Heisserer is an Academy Award nominee for his Arrival script; recently, he wrote and showran Netflix’s Shadow and Bone. His Pacific Rim series is to be a prequel to the 2013 film, which previously received a 2018 sequel and a 2021 Netflix animated series. The new series will be live-action, but it does not rule out any future theatrical films in the franchise, which have lingered in development hell since 2018’s Pacific Rim: Uprising disappointed at the box office. There is no word yet on whether any of the film’s characters or cast members will return, or if the ever-busy del Toro will have any involvement with the series.
In 2013, an interdimensional rift opened beneath the Pacific Ocean, unleashing colossal kaiju monsters on humanity. To combat the creatures, humanity worked together to build enormous mecha suits, known as Jaegers, to battle the beasts. However, the mental strain of operating the mechs was too much for one person; two or more people needed to be mentally linked via “the Drift” to operate them. Over a decade later, the kaiju show no sign of stopping, and ex-Jaeger pilot Stacker Pentecost (Idris Elba) wages a losing battle against the monstrous hordes.

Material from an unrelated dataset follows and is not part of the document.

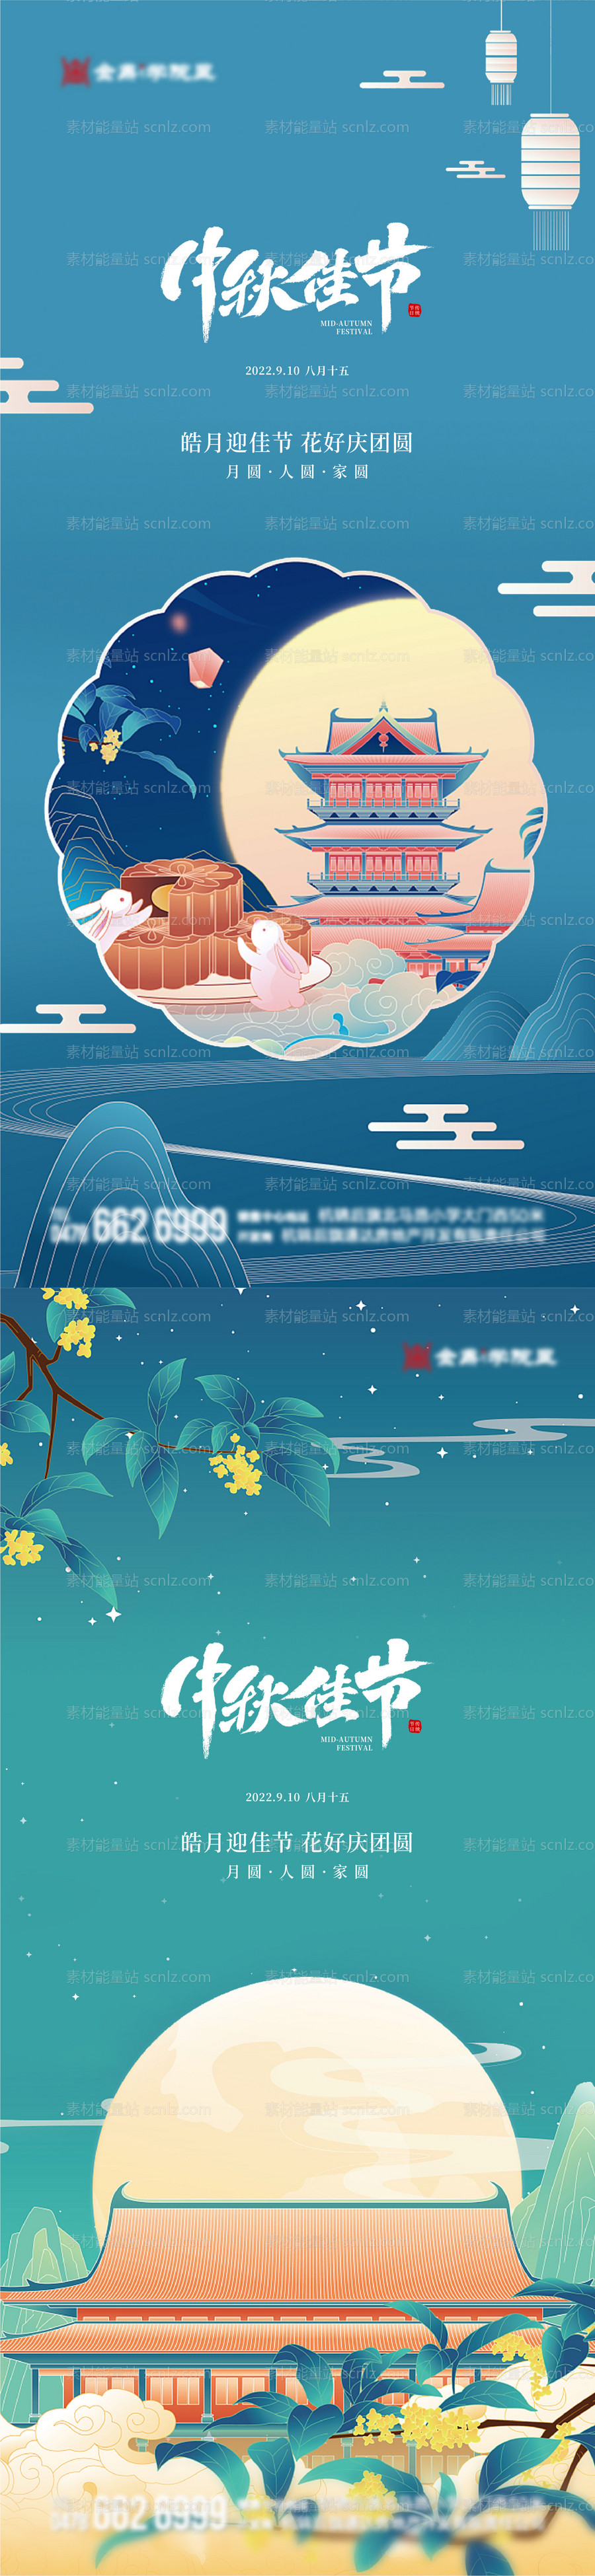 素材能量站-中秋节海报

A pair of oddball scientists (Burn Gorman and Charlie Day) learn that the creatures are, in fact, living bioweapons sent by a malicious alien race, prompting a last-ditch effort to seal the dimensional breach. However, the last Jaeger pilots left standing are Raleigh Becket (Charlie Hunnam), who still bears scars from his brother’s death in battle, and Mako Mori (Rinko Kikuchi), an orphan of the kaiju’s rampages. They’ll have to overcome their differences and their traumas to work together and save humanity once and for all. It was a critical and commercial success, making $411 million USD on a $200 million budget, and earning a 72% Fresh rating on Rotten Tomatoes.

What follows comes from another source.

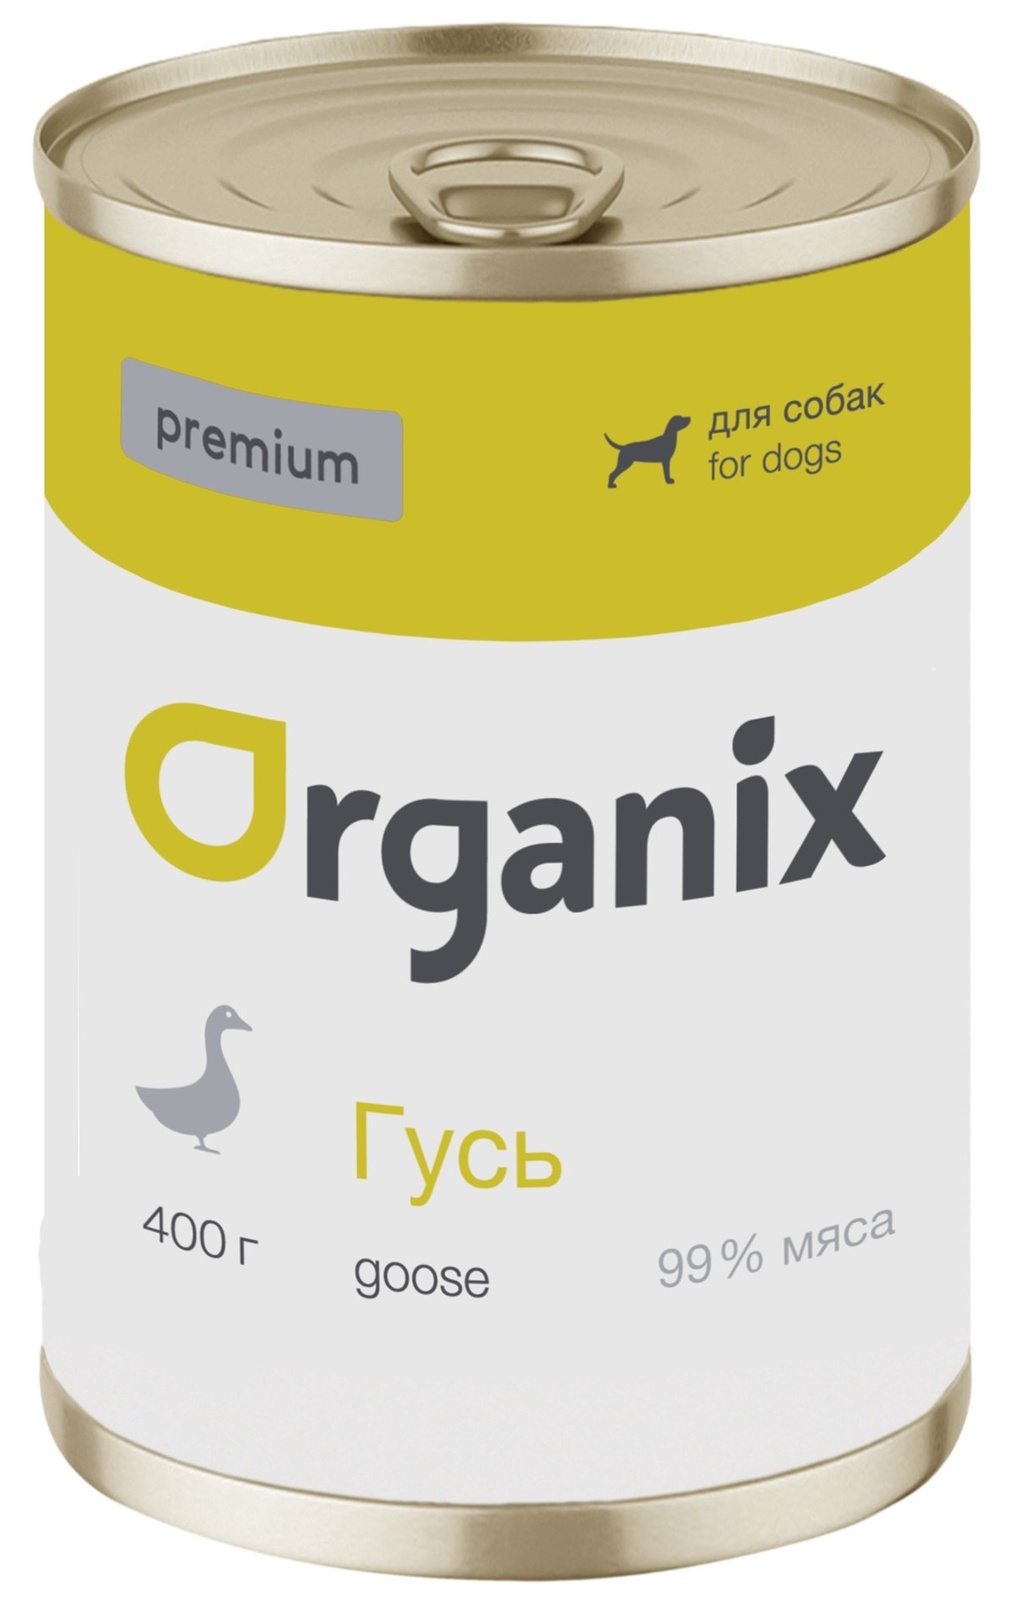 Organix консервы Organix монобелковые премиум консервы для собак, с гусем (100 г) organix консервы organix монобелковые премиум консервы для собак с уткой 100 г

Pacific Rim was followed, five years later, by Pacific Rim: Uprising. Del Toro produced the film, which was directed and co-written by Steven S. DeKnight. It featured a mostly new cast, headlined by John Boyega, and did not match the critical or commercial success of its predecessor. Pacific Rim: The Black, a two-season Netflix animated series, ran for two seasons in 2021 and 2022; it centered around a pair of teenage siblings and their salvaged Jaeger in kaiju-overrun Australia.